I tested and deployed the patch in our production: It's better, thanks! vcl.discard still takes time because many indexes are updated for StatDoc [see strace], but the impact is now more easily manageable.
[...]
renameat(20, "_._.index.117a483319dd1694", 20, "_.index") = 0
openat(20, "_._.index.0b42867c4badd96a", O_RDONLY) = -1 ENOENT (No such file or directory)
openat(20, "_._.index.0b42867c4badd96a", O_WRONLY|O_CREAT|O_EXCL, 0640) = 27
write(27, "# 9967 1536583822\n", 18) = 18
write(27, "_.StatDoc.2f96b5f504150d2f 0 291"..., 422909) = 422909
close(27) = 0
[...]
renameat(20, "_._.index.245a823c0ff3b9a6", 20, "_.index") = 0
openat(20, "_._.index.798a4c767836d6bd", O_RDONLY) = -1 ENOENT (No such file or directory)
openat(20, "_._.index.798a4c767836d6bd", O_WRONLY|O_CREAT|O_EXCL, 0640) = 28
write(28, "# 9967 1536583822\n", 18) = 18
write(28, "_.StatDoc.2f96b5f504150d2f 0 291"..., 358741) = 358741
close(28) = 0
renameat(20, "_._.index.798a4c767836d6bd", 20, "_.index") = 0
openat(20, "_._.index.755c0c4d67aec6cc", O_RDONLY) = -1 ENOENT (No such file or directory)
openat(20, "_._.index.755c0c4d67aec6cc", O_WRONLY|O_CREAT|O_EXCL, 0640) = 28
write(28, "# 9967 1536583822\n", 18) = 18
write(28, "_.StatDoc.2f96b5f504150d2f 0 291"..., 358660) = 358660
close(28) = 0
renameat(20, "_._.index.755c0c4d67aec6cc", 20, "_.index") = 0
openat(20, "_._.index.0e8200370622aba1", O_RDONLY) = -1 ENOENT (No such file or directory)

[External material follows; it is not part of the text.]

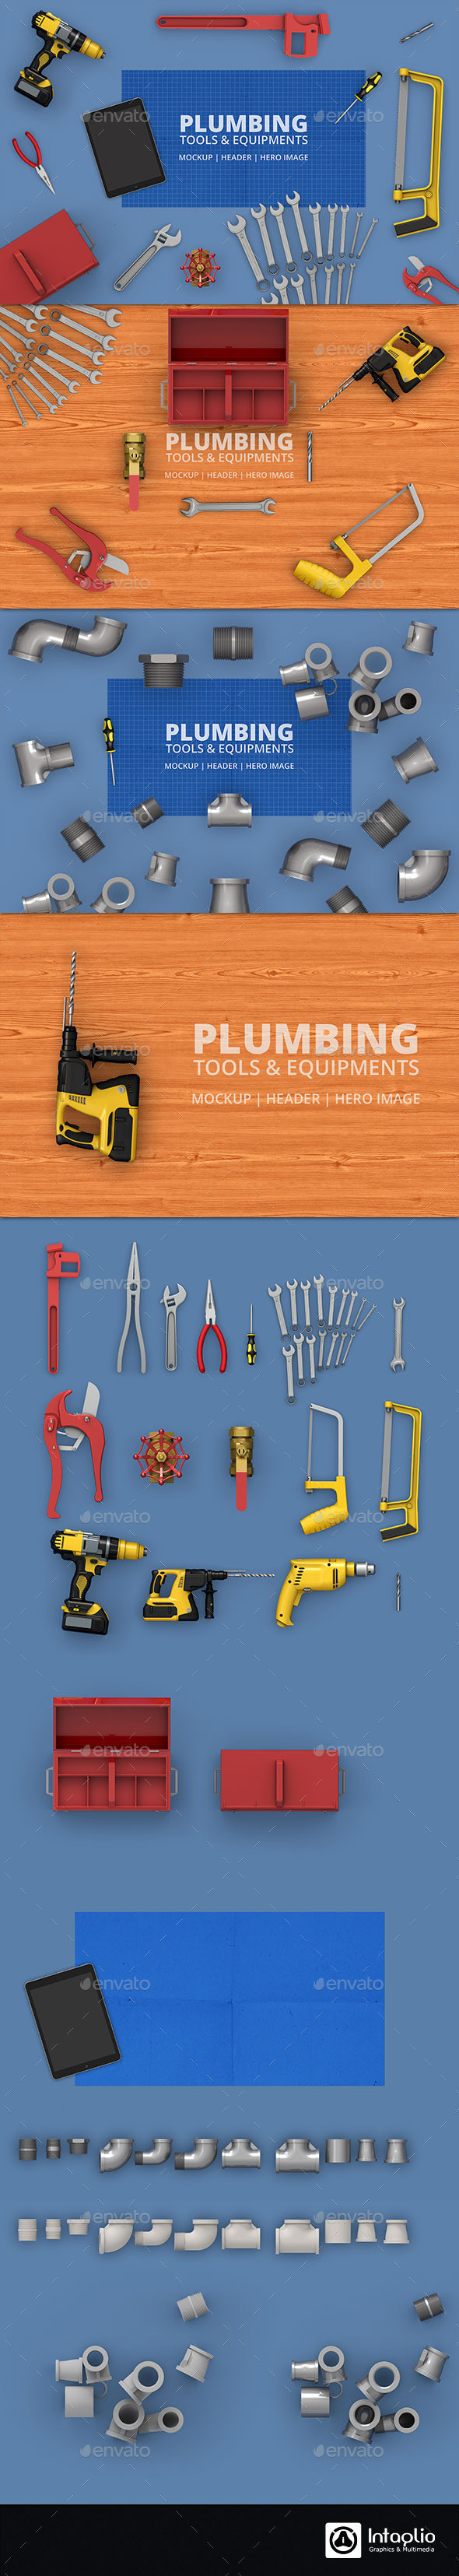 Plumbing tools equipments mockup header hero image preview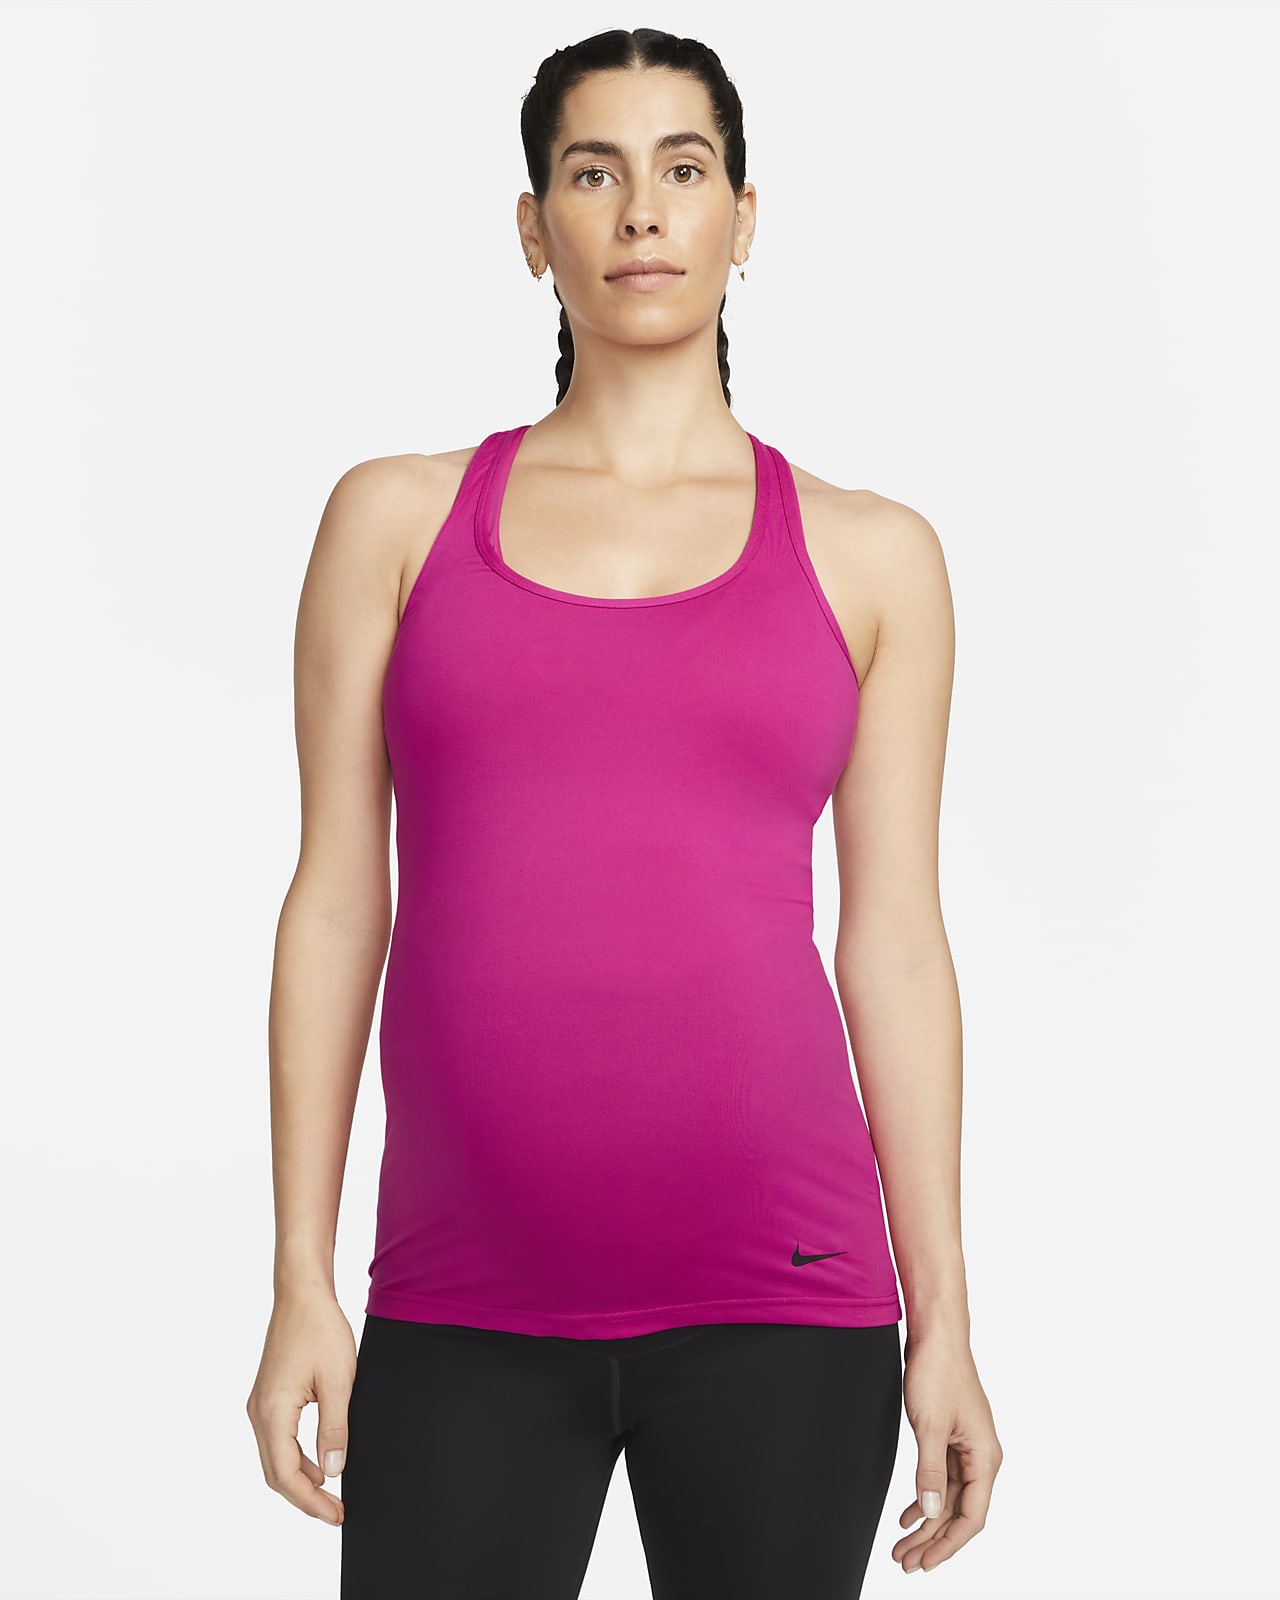 Camiseta de tirantes para mujer Nike Dri-FIT (maternidad)

openat(20, "_._.index.0e8200370622aba1", O_WRONLY|O_CREAT|O_EXCL, 0640) = 28
write(28, "# 9967 1536583822\n", 18) = 18
write(28, "_.StatDoc.2f96b5f504150d2f 0 291"..., 358579) = 358579
close(28) = 0
renameat(20, "_._.index.0e8200370622aba1", 20, "_.index") = 0
openat(20, "_._.index.5c2d40790ff51bf3", O_RDONLY) = -1 ENOENT (No such file or directory)
openat(20, "_._.index.5c2d40790ff51bf3", O_WRONLY|O_CREAT|O_EXCL, 0640) = 28
write(28, "# 9967 1536583822\n", 18) = 18
write(28, "_.StatDoc.2f96b5f504150d2f 0 291"..., 358498) = 358498
close(28) = 0
renameat(20, "_._.index.5c2d40790ff51bf3", 20, "_.index") = 0
munmap(0x7f92c84a6000, 446464) = 0
unlinkat(20, "_.VSC_cluster.453671847868b5a7", 0) = 0
openat(20, "_._.index.19fcd2122516718f", O_RDONLY) = -1 ENOENT (No such file or directory)
openat(20, "_._.index.19fcd2122516718f", O_WRONLY|O_CREAT|O_EXCL, 0640) = 28
write(28, "# 9967 1536583822\n", 18) = 18
write(28, "_.StatDoc.2f96b5f504150d2f 0 291"..., 358416) = 358416
close(28) = 0
renameat(20, "_._.index.19fcd2122516718f", 20, "_.index") = 0
munmap(0x7f92c1113000, 3066112) = 0
I will leave it here for now, too close to release.
Looks like there is some rare problem after this fix (tested up to #5dc531f). Usage is the same as TS has: a lot of backends and often load/discard.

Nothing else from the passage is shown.